TDiG Süd - 14.04.2010 - AZ: S 6 BLc 3/10

BVerwG, 26.01.2011 - BVerwG 2 WNB 9.10

Amtlicher Leitsatz:

  1. 1.

    Einer weiteren Anhörung der Vertrauensperson nach § 27 Abs. 1 SBG bedarf es nicht, wenn nach der ersten Anhörung durchgeführte weitere Ermittlungen zu keiner Änderung des entscheidungserheblichen Sachverhalts geführt haben.

  2. 2.

    Zur Begründung einer Nichtzulassungsbeschwerde wegen eines Verfahrensmangels reicht es nicht aus, dass aus dem mitgeteilten Sachverhalt sich unter Umständen ein Verfahrensmangel herleiten lässt. Vielmehr muss die Beschwerde zu erkennen geben, dass sie (auch) auf den Zulassungsgrund des § 22a Abs. 2 Nr. 3 WBO gestützt wird und welcher nach Ansicht der Beschwerde entscheidungserhebliche Verfahrensmangel gerügt werden soll.

In der Disziplinarsache
des Herrn Stabsunteroffizier ... ,
... ,
... ,
- Verteidiger:
Rechtsanwalt ...,
... -
hat der 2. Wehrdienstsenat des Bundesverwaltungsgerichts
durch
den Vorsitzenden Richter am Bundesverwaltungsgericht Golze,
den Richter am Bundesverwaltungsgericht Dr.
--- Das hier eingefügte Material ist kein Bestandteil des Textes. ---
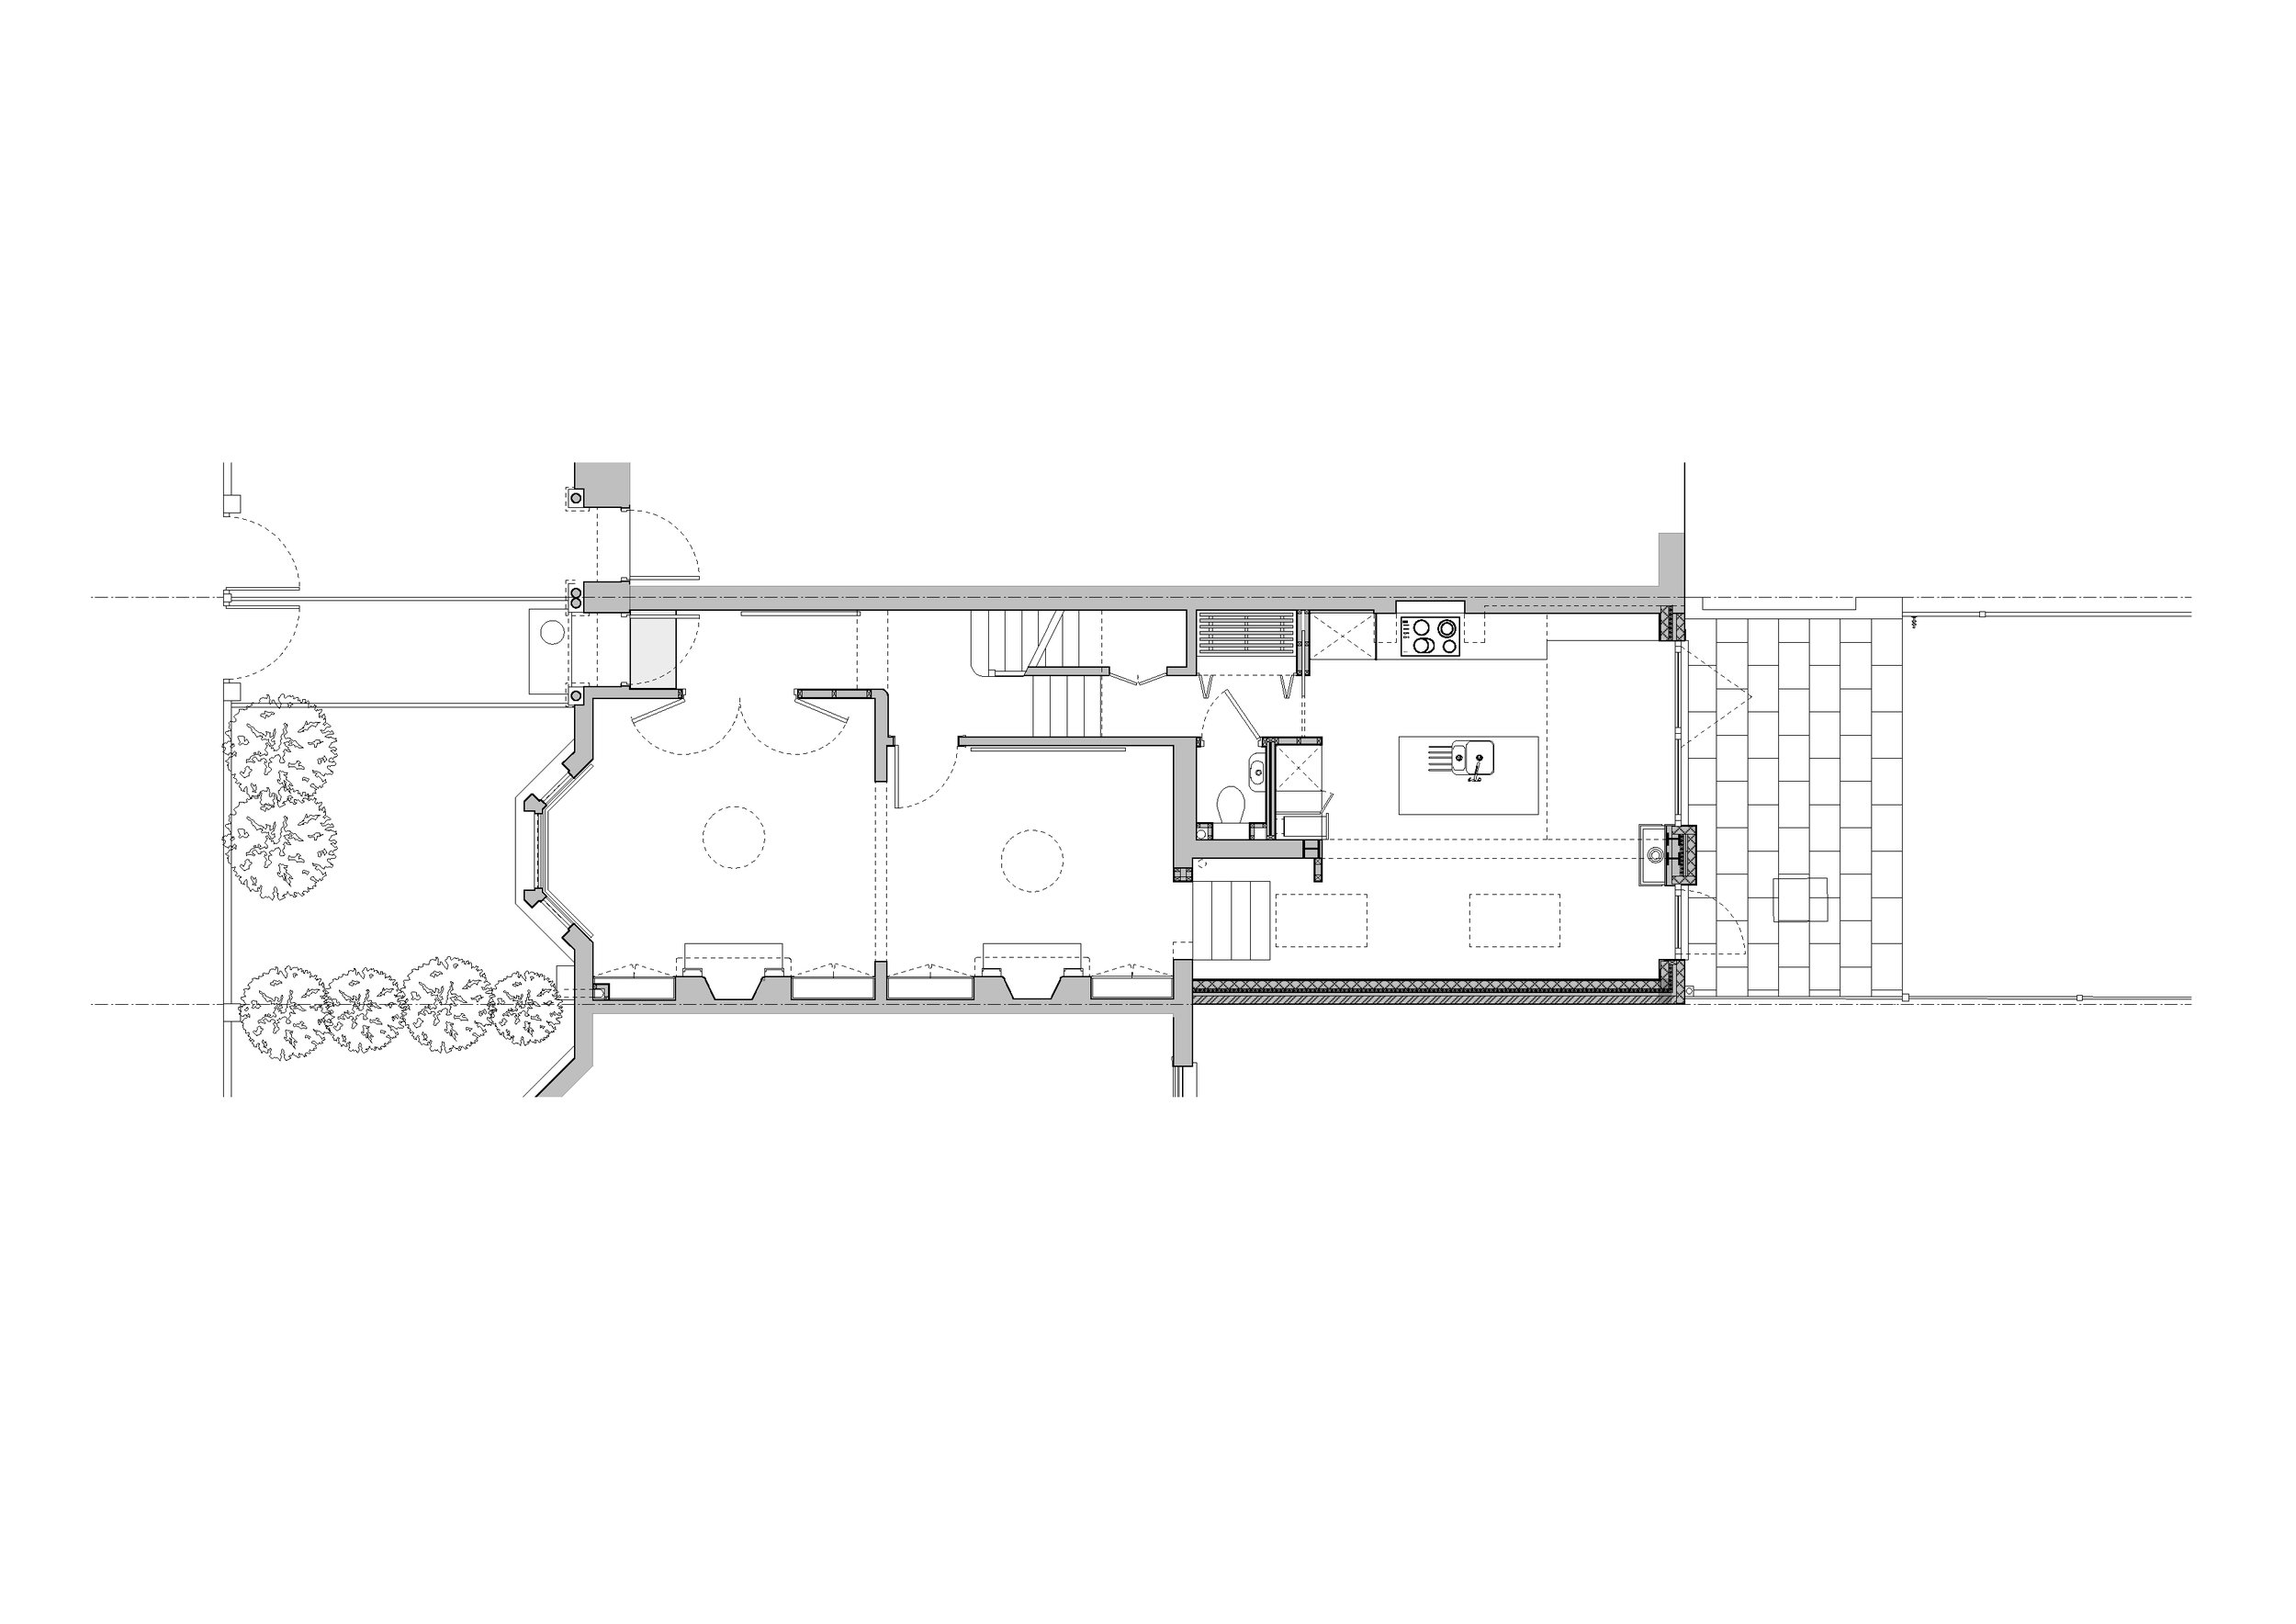 127 Trinder Rd Plan.jpg

Müller und
den Richter am Bundesverwaltungsgericht Dr. Burmeister
am 26. Januar 2011
beschlossen:

Tenor:

Die Beschwerde des Soldaten gegen die Nichtzulassung der Rechtsbeschwerde in dem Beschluss des Truppendienstgerichts Süd vom 14. April 2010 wird zurückgewiesen.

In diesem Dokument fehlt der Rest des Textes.